I was excited to get to be a part of Androboros, but also terrified because I was going to be asked to be bigger than myself. The person I present as in real life is unmoved, unaffected, part of the wall, quiet yet incredibly hilarious. For this play, Ralph Lewis (the director) would not let me maintain my invisibility cloak. Androboros is a play where you have to be at your muchness. Upon meeting me, one would not know that I had much muchness, but when motivated by the right people I can be a bit much. Androboros has required me to be over the top, silly, to fall, and to trust! Find me in a movement class in 2012 and you’d find someone who wouldn’t be able to be led blindfolded because what if you lead me into a wall? Find me in Androboros in 2017, I’m helping flip a guy upside down, I’m falling back into the arms of my castmates, I play a part of two dance numbers and I have to sing a song! Talk about going out my comfort zone.
The interesting part about being a part of this play is that so much of our production is about taking care of one another. Literally, people’s lives depend on us being present and being careful.
It’s about surrendering and putting all of our faith in our castmates having our best interest at heart. There’s a gentleness to the chaos.
I just want to talk about the singing and dancing for a minute. Everyone who knows me knows that I hate to dance. And that I will always say, “I can’t dance.” The High School Musical song, “I Don’t Dance” is my anthem. The last play I did there was a line where I had to say, “I can’t dance” and that was perhaps my most genuine acting. So, naturally this play has choreography and I am involved in two of those numbers. In college, I took dance: modern 1 and 2, ballet 1, jazz, contemporary (twice), and Samba. Why? Also, while in NYC I was part of a two-week workshop two years in a row where I had to dance and nothing brings me greater distress (except singing). But, that mentality is largely psychological. As a kid, I was so annoying, now that I look back at it. I would spend hours a day, just singing along to entire albums. I gave my family a free show every day. Here I am as part of Androboros and I’m like, “What is singing? And is dancing also as confusing as life?” I cower. I cower. But, here I am part of a village of people to lean on. Choreographers, castmates who are more confident and will guide, musicians who try to adjust to our bad singing, so on and so forth. This may be the biggest play I’ve been a part of and I can only assume Broadway is next.
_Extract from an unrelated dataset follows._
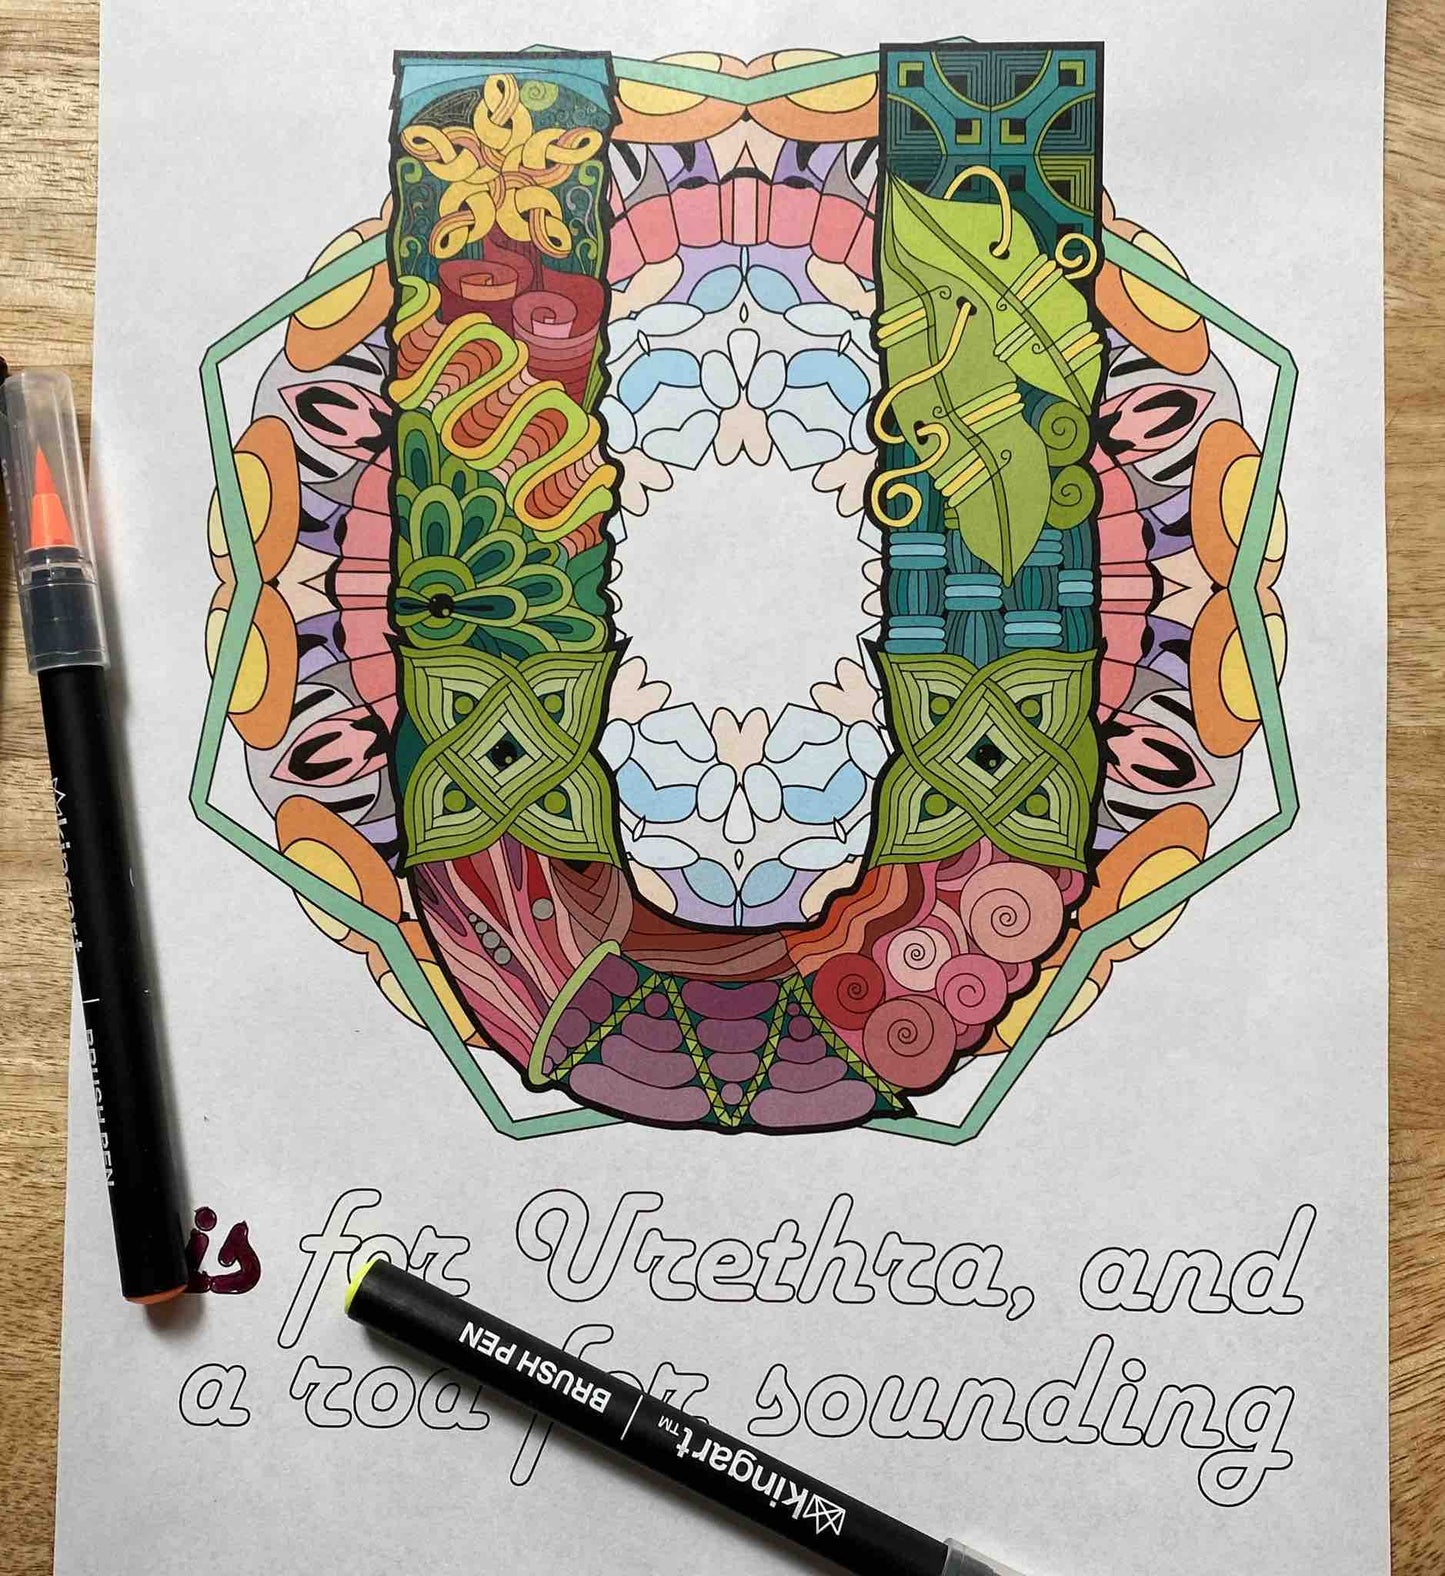 A page from  A is for Anal: A Kinky Coloring Book that has been colored that says: U is for urethra, and a rod for sounding.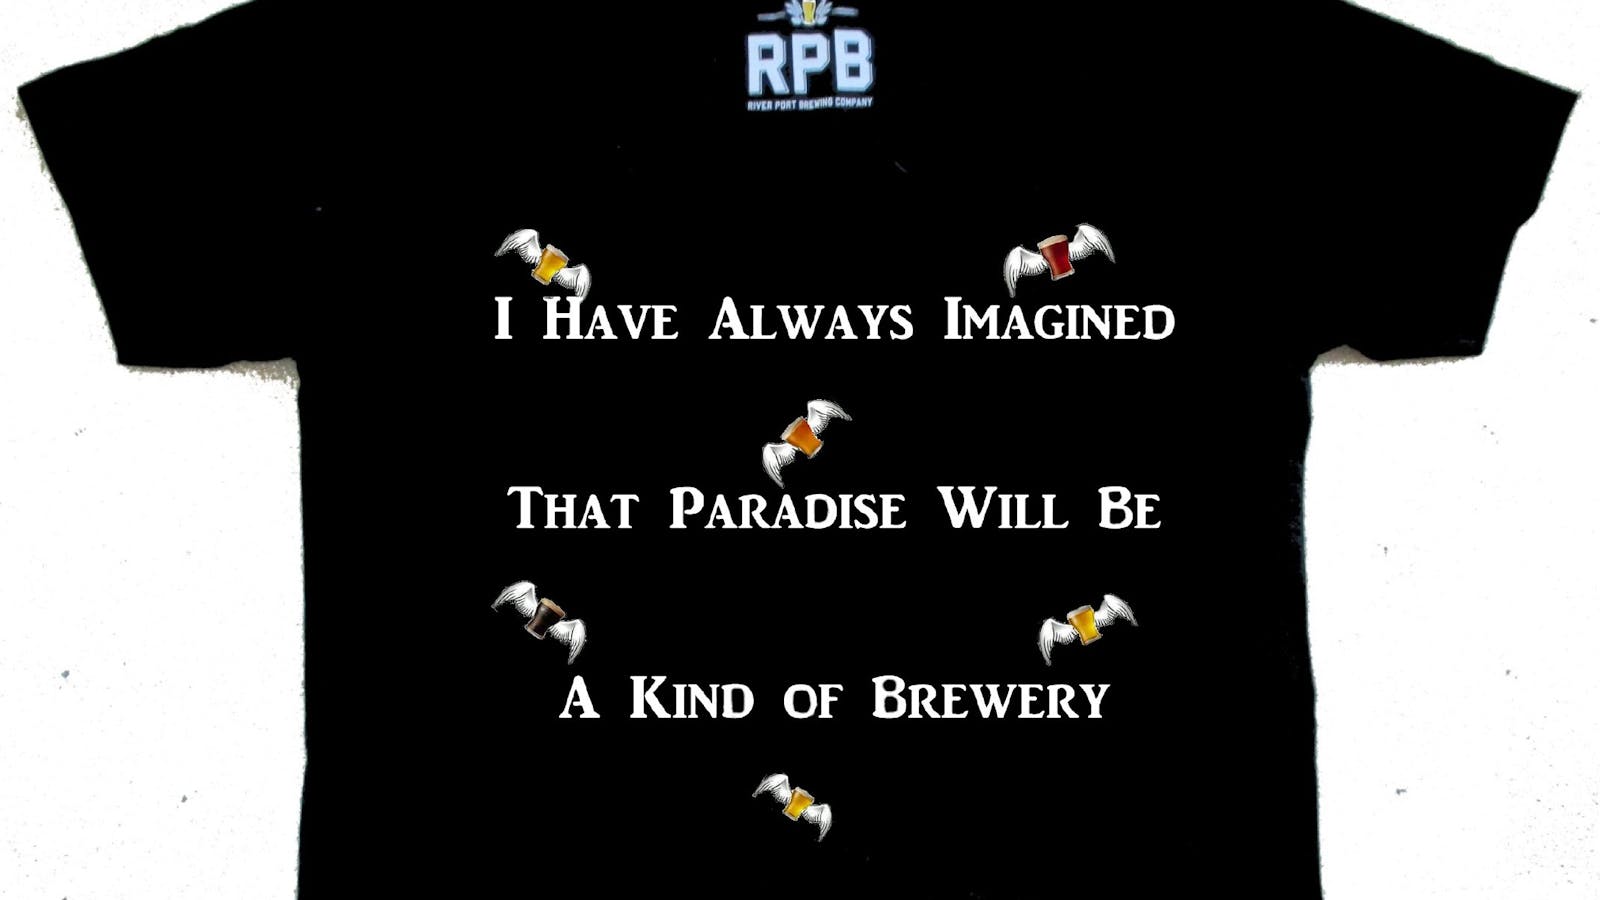 Brewery is Paradise

But, I cannot forget one of the most important things about this play! It’s considered America’s first play and was written over 300 years ago and yet is so incredibly relevant.
I know post-election I became quite numb to the heaviness of the world and checked out. I retweet angry tweets every day, but I have completely shut down when it comes to taking part in anything that could possibly effect change: calling senators, voting in smaller elections, learning about local political figures, protesting, any of that. I think I’ve lost my belief that any of this will change things and feel that we’re depending on others to do the right thing, but seeing that it’s going to be on us, the citizens, to do the right thing. The weight of, “But, will it really do anything?” holds me back still. But, that’s me as a person: go big or do nothing which hinders forward movement. Anyway, I think what Androboros can teach us is that if we want to predict the future we have to look into the past. The answers to our questions are in poems, in songs, in films, and plays. We can no longer be surprised when history repeats itself.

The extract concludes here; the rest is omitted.